J’acquiesçai avec un petit sourire forcé, et Paul sourit aussi. A moins que ce ne soit un soupir ? Il lâcha ma cuisse pour reprendre le levier de vitesse, et je regardai le paysage pour me changer les idées. Finalement, Paul arrêta la voiture dans un chemin de terre.

« Qu’est-ce qui se passe ? » demandai-je, un peu perdue.

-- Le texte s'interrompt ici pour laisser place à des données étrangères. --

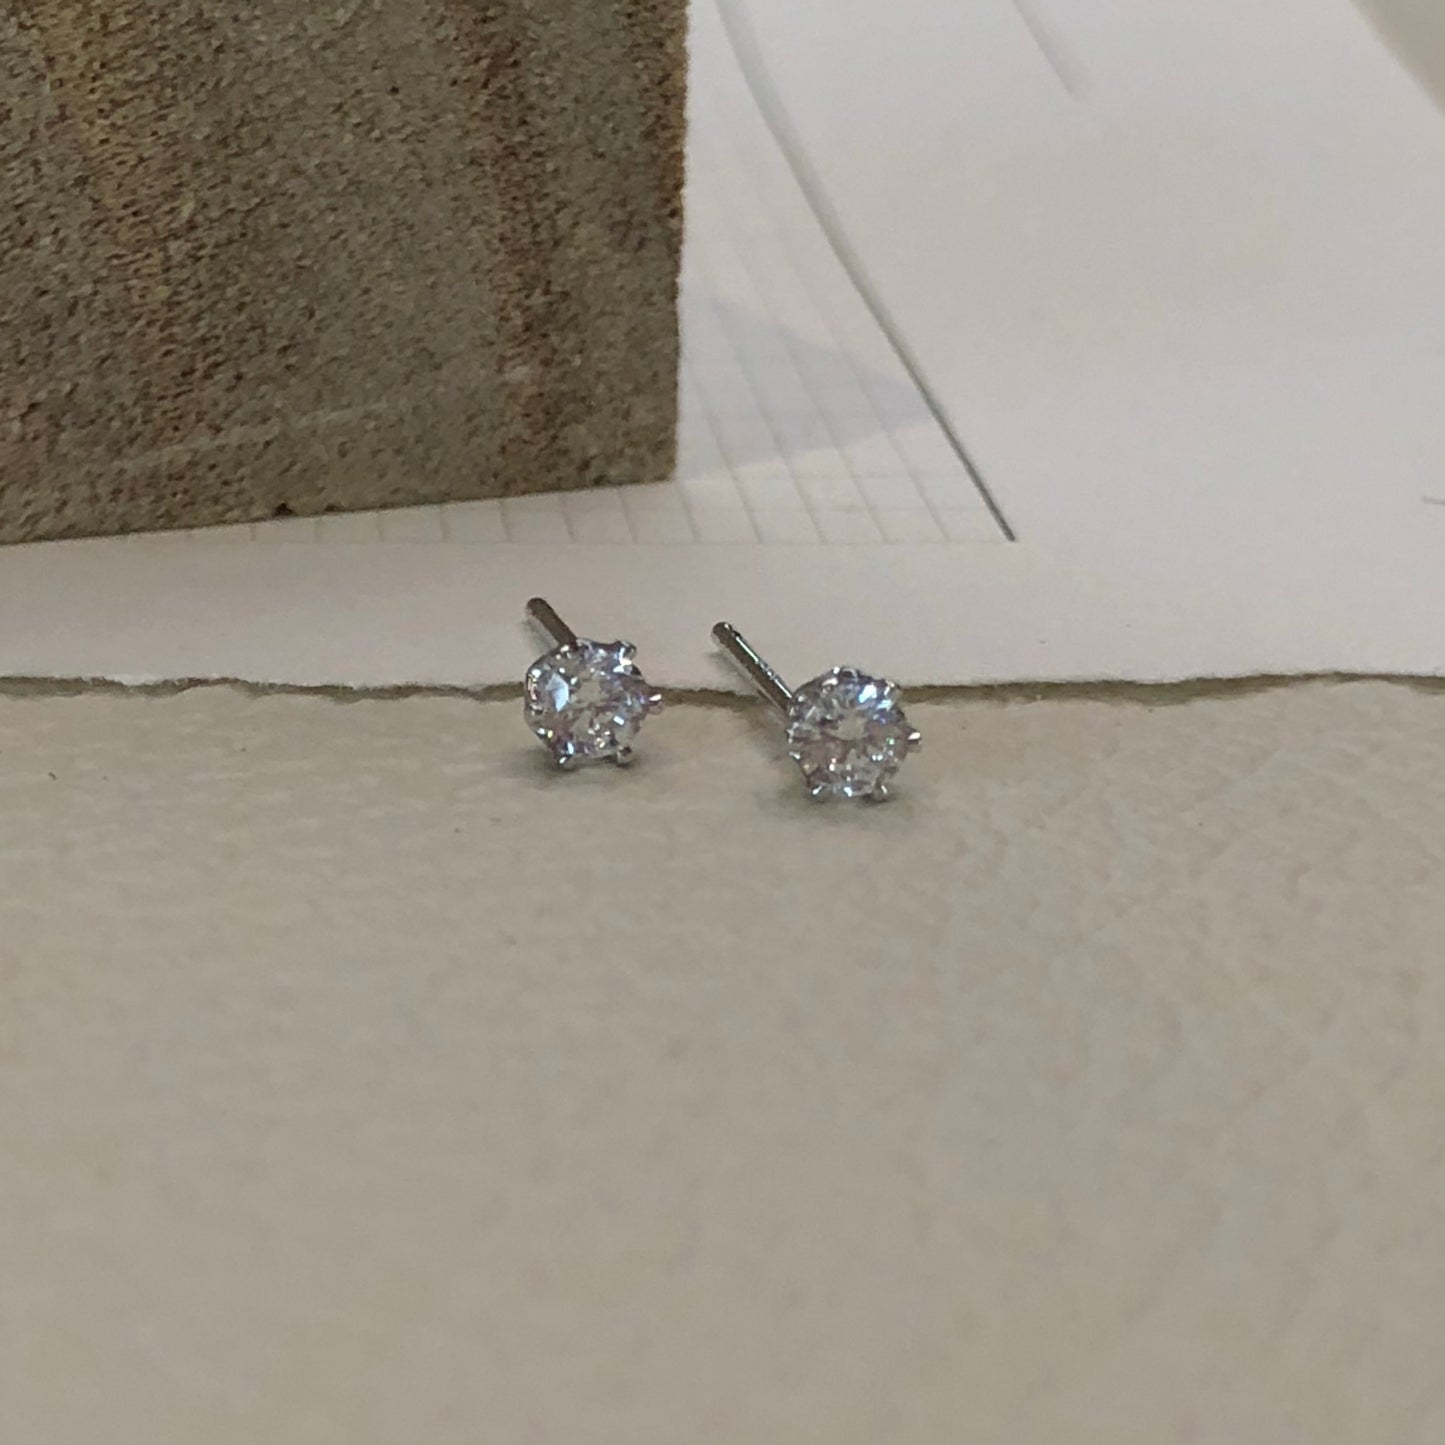 4. Diamante Earrings

« On a encore dix minutes de route. Une pause nous fera du bien. Viens, on va se dégourdir les jambes. »

Attila était partant, bien sûr, et je le laissai courir pour se défouler. Nous avons marché aussi, quelques dizaines de mètres, avant de revenir vers la voiture, et Paul me colla contre la carrosserie pour m’embrasser. Son corps contre le mien, sa jambe entre les miennes, ses mains sur mon visage et sur mon corps, ses lèvres, me firent perdre la tête.

« Si c’est une tentative pour faire diversion, c’est réussi. » réussis-je tout de même à glisser entre deux baisers, pour lui montrer que je n’étais pas dupe.

« Ça va bien se passer, ne t’inquiète pas, d’accord ? » Il était plutôt fier de lui, et en profita pour recommencer. Il me noya sous les endorphines, et quand nous avons repris la voiture pour les derniers kilomètres, je me sentais presque bien. Un peu nerveuse, mais ça allait.

Guillaume nous guettait, et courut ouvrir le portail en nous voyant arriver. Stan sortit à son tour, et ouvrit le coffre pour prendre nos bagages.

« Tu n’as que ça ? » s’étonna-t-il en voyant mon sac à dos. Le sac de Paul était plus gros que le mien.

« Qu’est-ce que tu veux, l’habitude de la rando ! »

Je n’étais pas du genre à transporter cinq tenues complètes pour deux jours hors de chez moi, ‘histoire de pouvoir choisir sur place’, comme Julia par exemple. Ce qui désespérait Virgile à chaque fois qu’il l’emmenait quelque part…

Le plus encombrant, c’était le sac avec les affaires d’Attila, couverture, gamelles et croquettes. A peine sorti de la voiture, mon chien fit fête à Guillaume, et ne le quitta plus. Paul entoura ma taille de son bras pour m’entrainer vers la maison.

Ses parents nous accueillirent très simplement, et je me sentis rapidement à l’aise. Autant qu’on peut l’être en entrant d’un coup dans une maison inconnue. Pendant qu’Alain canalisait un peu Guillaume qui était excité par notre arrivée, Christine me fit visiter la maison, et me montra la chambre de Paul, où il venait de monter nos affaires.

Attila ne me quittait pas, collé à ma jambe depuis qu’on était entrés dans la maison.

« Ça ne vous dérange pas qu’il dorme dans la chambre avec nous ? » m’assurai-je. Elle lui jeta un regard un peu dubitatif, avant de me dire : « En toute honnêteté, je préfère le savoir avec toi…

_ Je comprends, il est impressionnant.

_ Ne t’inquiète pas, Maman, tout se passera bien. » la rassura Paul.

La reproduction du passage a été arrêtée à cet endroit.